第二百三十八章 入学(1 / 1)

第238章第二百三十八章入学

在京都住着的赵氏一族有四房近二十人,跟司徒衡关系最近的是皇贵妃的亲弟弟,其次是王妃的父母兄长和妹妹,还有两家是专程来送女儿大选的。因为一个错误决定,他们逼死了司徒衡的王妃,不仅惹来皇上震怒,司徒衡也有了跟赵家彻底决裂的理由。

皇上说是让赵家守孝三年,实则就是将他们彻底排除在朝堂之外,至少在新君登基之前,朝堂和功名都跟赵家无关了。赵家四房的几个男人神色晦暗,看向司徒衡的眼中似有千言万语,在他冰冷的注视下,却一句话也说不出来。

放在平日,司徒衡对母族不管不问,他们还能骂他无情,如今他们连自家女孩儿都逼死了,再指责别人岂不可笑。

司徒衡看到赵家人就腻歪得不行,见他们堵在城门口迟迟不肯走,他转身先上了自家马车,命人调头回府,雨天又湿又冷,谁有耐心心跟一群不相干的人干耗着。

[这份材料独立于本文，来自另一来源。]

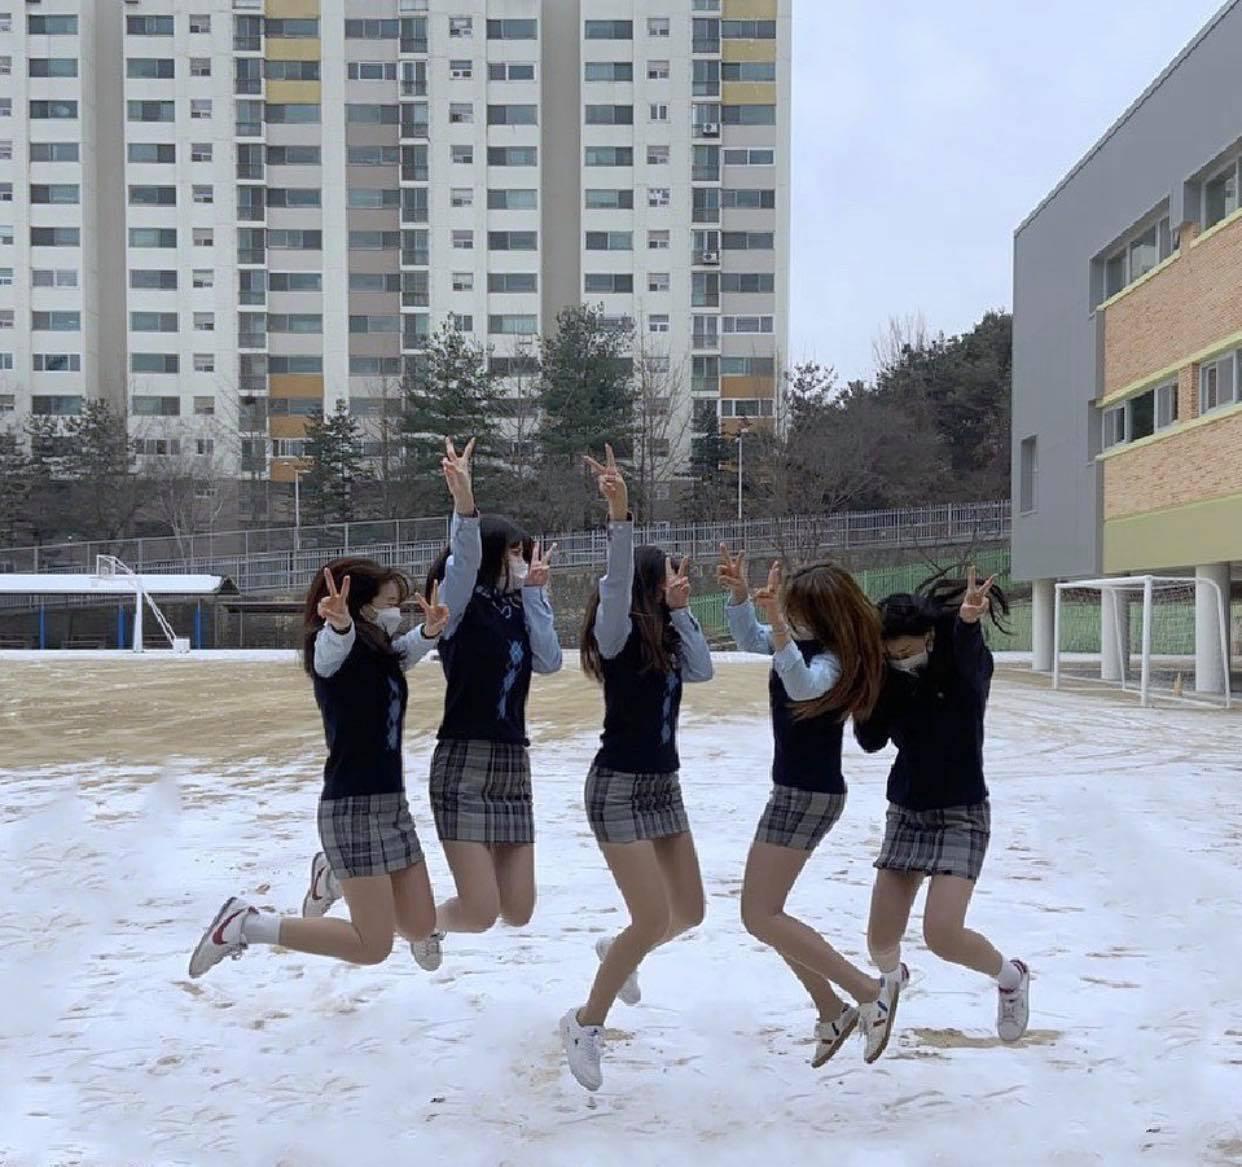 Đồng phục kiệm vải của nữ sinh Hàn khiến nhiều người lo ngại - 3

贾政一直坐在马车里,用帕子擦干司徒衡肩上的雨水,他轻叹了口气,“这雨下得也太不是时候了,本来计划好要去山庄玩儿的。”司徒衡好笑道,“在家里就不能玩吗,昨儿庄子上送来了新鲜鹿肉,我们可以在水榭烤肉赏鱼,你要是觉得无聊,就请个说书先生来府里解闷。”贾政笑着点头,心里却在为古代贫乏的娱乐生活叹息,堂堂王爷能想到的也只有这些,要不富贵公子怎么人均淫棍加赌徒呢,实在是可玩儿的东西太少了司徒衡倒是对听书有了兴趣,"小时候在弘文馆读书,教授唯一推荐的话本只有《三国志通俗演义》,还说每个阶段读此书都会有不同的感悟,不如找个擅长讲此书的先生,来府里讲半日吧。”

贾政笑道,“好主意,我上回读这本书,还是上,上学的时候。”他读《三国演义》时还在上高中,展眼间已经三十多岁了,连所在的世界都换了一个。

司徒衡轻笑,“政儿怎么说起上学就皱着眉,你是有多不爱读正经书啊。”贾政哼了声,“在我看来除了春宫图都是正经书,我又不考科举,读那些个之乎者也纯属浪费生命。”

司徒衡摇头,“圣人之言还是要读的,离经叛道的话跟我说说便罢了,千万别让珠儿环儿听了去。”

贾政笑道,“圣人之言只听是没用的,通过科举步入朝堂的官员,哪个不是摆弄圣人之言的行家,也不耽误他们贪赃枉法啊。尤其是翰林院的祝掌院,畜生都做不出他那些事,这些天那群翰林也不敢在我们羽林卫面前得瑟了,只祝掌院一人就够整个翰林院蒙羞好几年的。”

司徒衡也笑道,“不止翰林,你没发现会试过后,京都就再没举办过文会了么。”

贾政啊了声,“我以为大部分考生还没爬起来呢,难道也跟祝掌院有关吗?”

司徒衡点头,“翰林院被誉为文翰之林,是天下学子最为向往之地,掌院也被视为文人魁首,这样的人却是个残害幼女的禽兽,那些考生羞愤欲死,哪还有脸面举办文会。”

贾政呵呵笑道,“懂得羞愤是好事,总比恬不知耻要强。”两人回府,请来京都城内讲三国最出名的先生,在府中烤肉烹茶消磨了一天,舒服得身心都舒展开了。

次日是三月初一,因二月没有二十九号,就将大朝会挪到了今天。十六大队很不幸的又是早二班,早起出门时春雨还在淅淅沥沥,贾政带着斗笠,披了一条快要拖到地上的油布雨披,到达侍卫营时全身还是干爽的。走过主楼,贾政就看到马棚那边灯火通明,还隐隐有哭声传过来。他以为有马匹出事了,加快脚步走过去,就看到早来的同僚脸色都不大好,几个马仆蹲在地上,哭得像钱袋子被人抢了似的。贾政走到包武身边,问道,“这是怎么了?马匹生病了找人救治便是,哭有什么用啊?”

包武唉了声,“我倒希望是马匹生病了,总比都被抢走要好吧。”贾政都惊了,“谁敢抢我们羽林卫的马?”羽林卫是帝王鹰犬,是最靠近皇帝的官员,朝堂上没人敢轻视他们,更何况是抢羽林卫东西了。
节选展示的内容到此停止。